_PROBLEM DESCRIPTION_. Write out all the material verbatim, line by line.

_RECORD EXCERPTS_.
━━━

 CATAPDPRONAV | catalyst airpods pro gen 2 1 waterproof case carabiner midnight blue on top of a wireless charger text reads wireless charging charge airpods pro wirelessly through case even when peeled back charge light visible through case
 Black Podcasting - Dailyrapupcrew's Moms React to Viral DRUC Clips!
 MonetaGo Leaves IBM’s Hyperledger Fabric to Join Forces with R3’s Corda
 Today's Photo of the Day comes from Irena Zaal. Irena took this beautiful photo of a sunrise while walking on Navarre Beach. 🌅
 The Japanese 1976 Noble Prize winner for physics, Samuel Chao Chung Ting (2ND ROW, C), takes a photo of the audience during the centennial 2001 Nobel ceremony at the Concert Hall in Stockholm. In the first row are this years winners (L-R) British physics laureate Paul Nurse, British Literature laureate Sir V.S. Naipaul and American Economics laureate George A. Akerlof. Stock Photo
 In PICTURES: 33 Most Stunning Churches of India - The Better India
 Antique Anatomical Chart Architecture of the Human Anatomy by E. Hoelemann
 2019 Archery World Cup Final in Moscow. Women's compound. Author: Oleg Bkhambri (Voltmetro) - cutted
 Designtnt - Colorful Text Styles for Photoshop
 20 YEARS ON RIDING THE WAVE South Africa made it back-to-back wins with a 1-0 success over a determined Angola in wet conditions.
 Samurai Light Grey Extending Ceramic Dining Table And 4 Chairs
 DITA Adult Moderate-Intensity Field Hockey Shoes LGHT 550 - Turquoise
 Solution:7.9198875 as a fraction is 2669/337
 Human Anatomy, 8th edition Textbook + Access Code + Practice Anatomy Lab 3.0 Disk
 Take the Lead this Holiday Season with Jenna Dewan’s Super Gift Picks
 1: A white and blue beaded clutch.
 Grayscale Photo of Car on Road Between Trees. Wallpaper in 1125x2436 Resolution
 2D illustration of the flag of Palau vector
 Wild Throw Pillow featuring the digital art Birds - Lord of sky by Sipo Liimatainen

━━━

_OUTPUT_.
 CATAPDPRONAV | catalyst airpods pro gen 2 1 waterproof case carabiner midnight blue on top of a wireless charger text reads wireless charging charge airpods pro wirelessly through case even when peeled back charge light visible through case
 Black Podcasting - Dailyrapupcrew's Moms React to Viral DRUC Clips!
 MonetaGo Leaves IBM’s Hyperledger Fabric to Join Forces with R3’s Corda
 Today's Photo of the Day comes from Irena Zaal. Irena took this beautiful photo of a sunrise while walking on Navarre Beach. 🌅
 The Japanese 1976 Noble Prize winner for physics, Samuel Chao Chung Ting (2ND ROW, C), takes a photo of the audience during the centennial 2001 Nobel ceremony at the Concert Hall in Stockholm. In the first row are this years winners (L-R) British physics laureate Paul Nurse, British Literature laureate Sir V.S. Naipaul and American Economics laureate George A. Akerlof. Stock Photo
 In PICTURES: 33 Most Stunning Churches of India - The Better India
 Antique Anatomical Chart Architecture of the Human Anatomy by E. Hoelemann
 2019 Archery World Cup Final in Moscow. Women's compound. Author: Oleg Bkhambri (Voltmetro) - cutted
 Designtnt - Colorful Text Styles for Photoshop
 20 YEARS ON RIDING THE WAVE South Africa made it back-to-back wins with a 1-0 success over a determined Angola in wet conditions.
 Samurai Light Grey Extending Ceramic Dining Table And 4 Chairs
 DITA Adult Moderate-Intensity Field Hockey Shoes LGHT 550 - Turquoise
 Solution:7.9198875 as a fraction is 2669/337
 Human Anatomy, 8th edition Textbook + Access Code + Practice Anatomy Lab 3.0 Disk
 Take the Lead this Holiday Season with Jenna Dewan’s Super Gift Picks
 1: A white and blue beaded clutch.
 Grayscale Photo of Car on Road Between Trees. Wallpaper in 1125x2436 Resolution
 2D illustration of the flag of Palau vector
 Wild Throw Pillow featuring the digital art Birds - Lord of sky by Sipo Liimatainen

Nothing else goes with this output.